EXERCISE INSTRUCTIONS:
Scan the records below for the line with "Partitë shqiptare: Ivanov, shkelësi" and the line with "Шелковая бумага для что это". Repeat those two lines and every line between them exactly, and nothing else.
(EXERCISE MATERIALS begins)
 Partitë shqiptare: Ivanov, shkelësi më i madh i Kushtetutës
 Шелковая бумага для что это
(EXERCISE MATERIALS ends)
(EXERCISE MATERIALS begins)
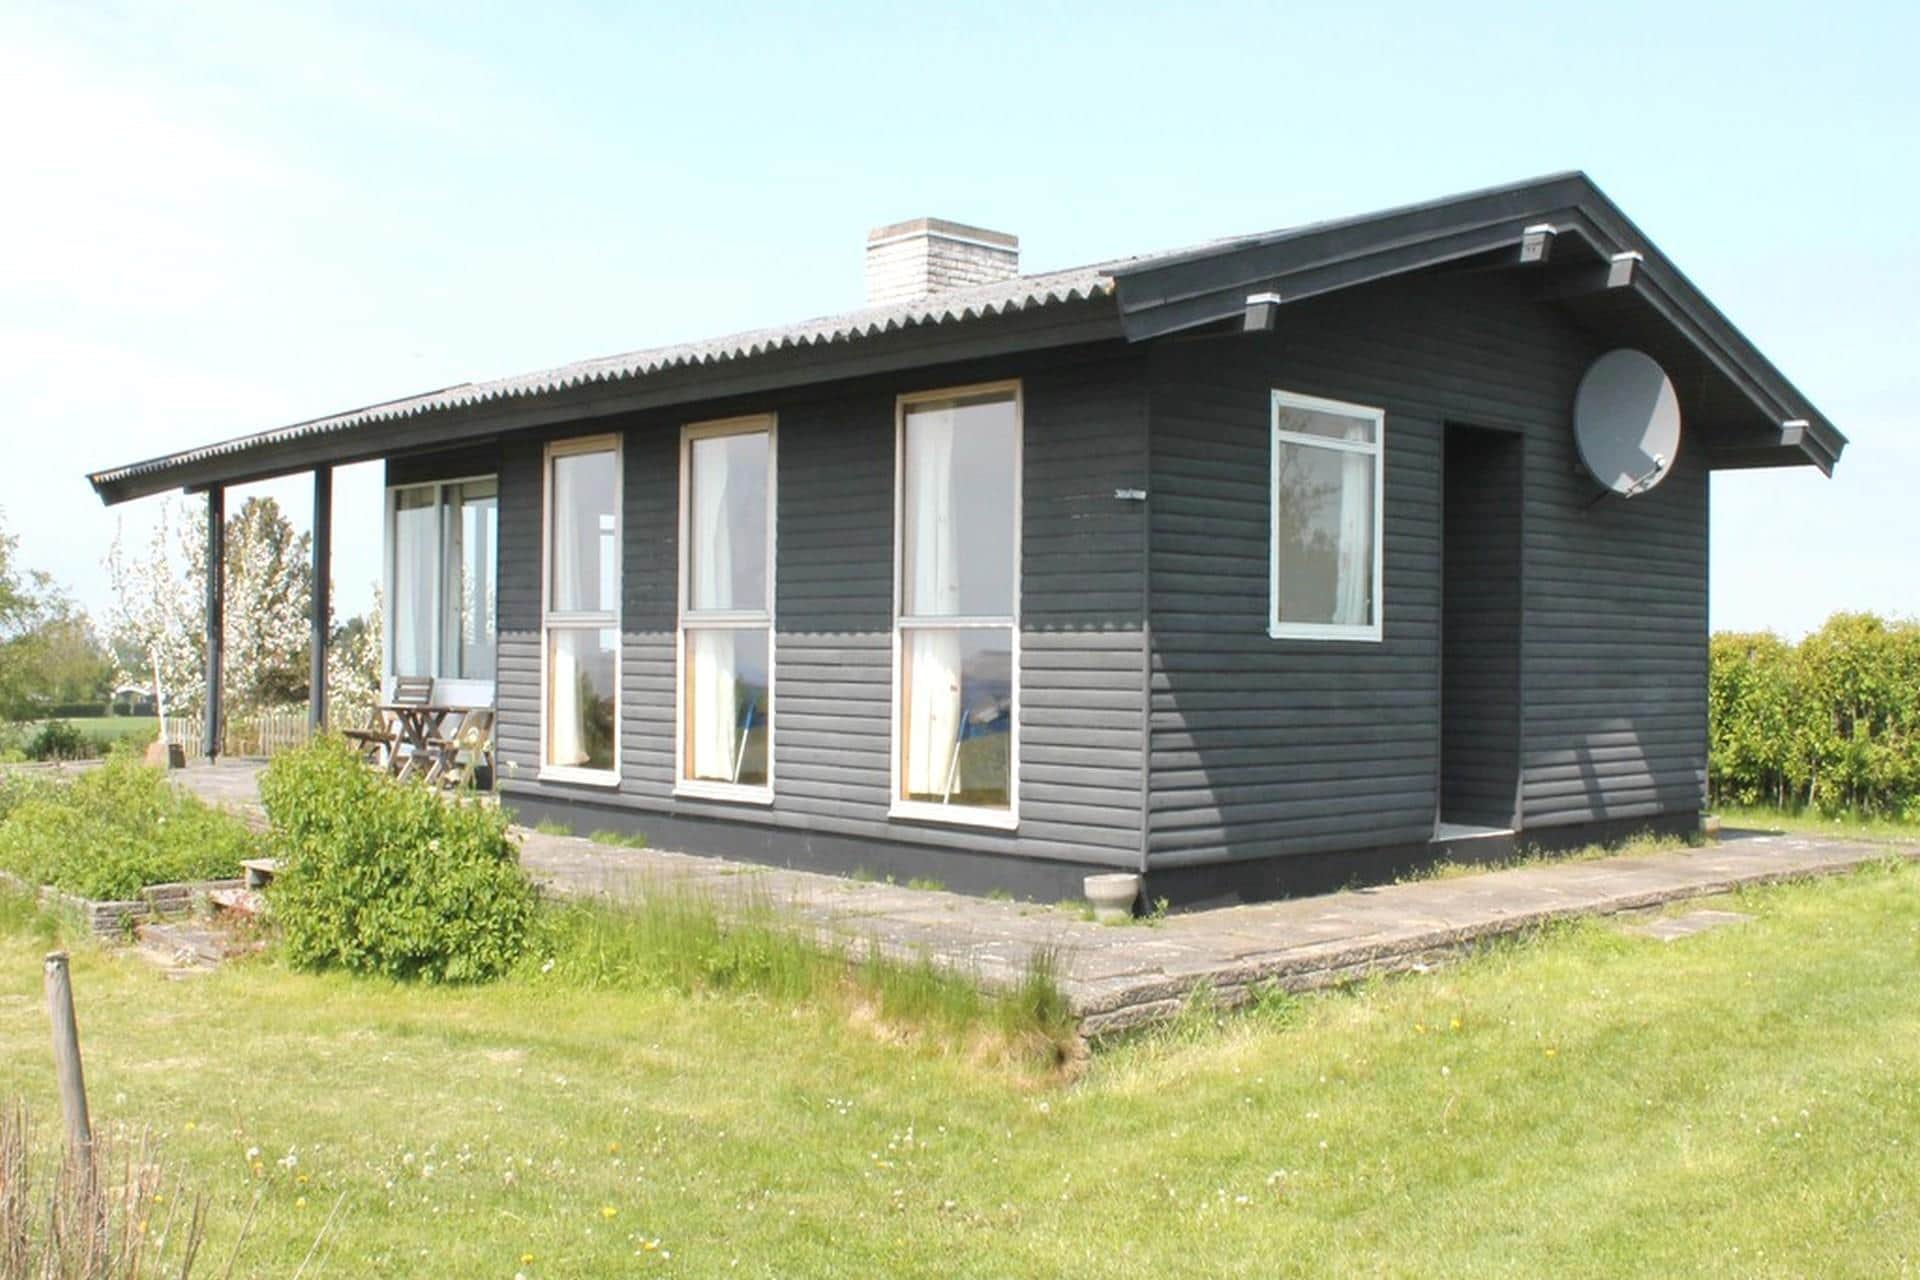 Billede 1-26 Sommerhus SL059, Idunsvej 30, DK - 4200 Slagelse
(EXERCISE MATERIALS ends)
(EXERCISE MATERIALS begins)
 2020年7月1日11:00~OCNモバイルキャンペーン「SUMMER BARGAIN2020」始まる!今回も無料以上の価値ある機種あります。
(EXERCISE MATERIALS ends)
SOLUTION TO THIS EXERCISE:
 Partitë shqiptare: Ivanov, shkelësi më i madh i Kushtetutës
 Шелковая бумага для что это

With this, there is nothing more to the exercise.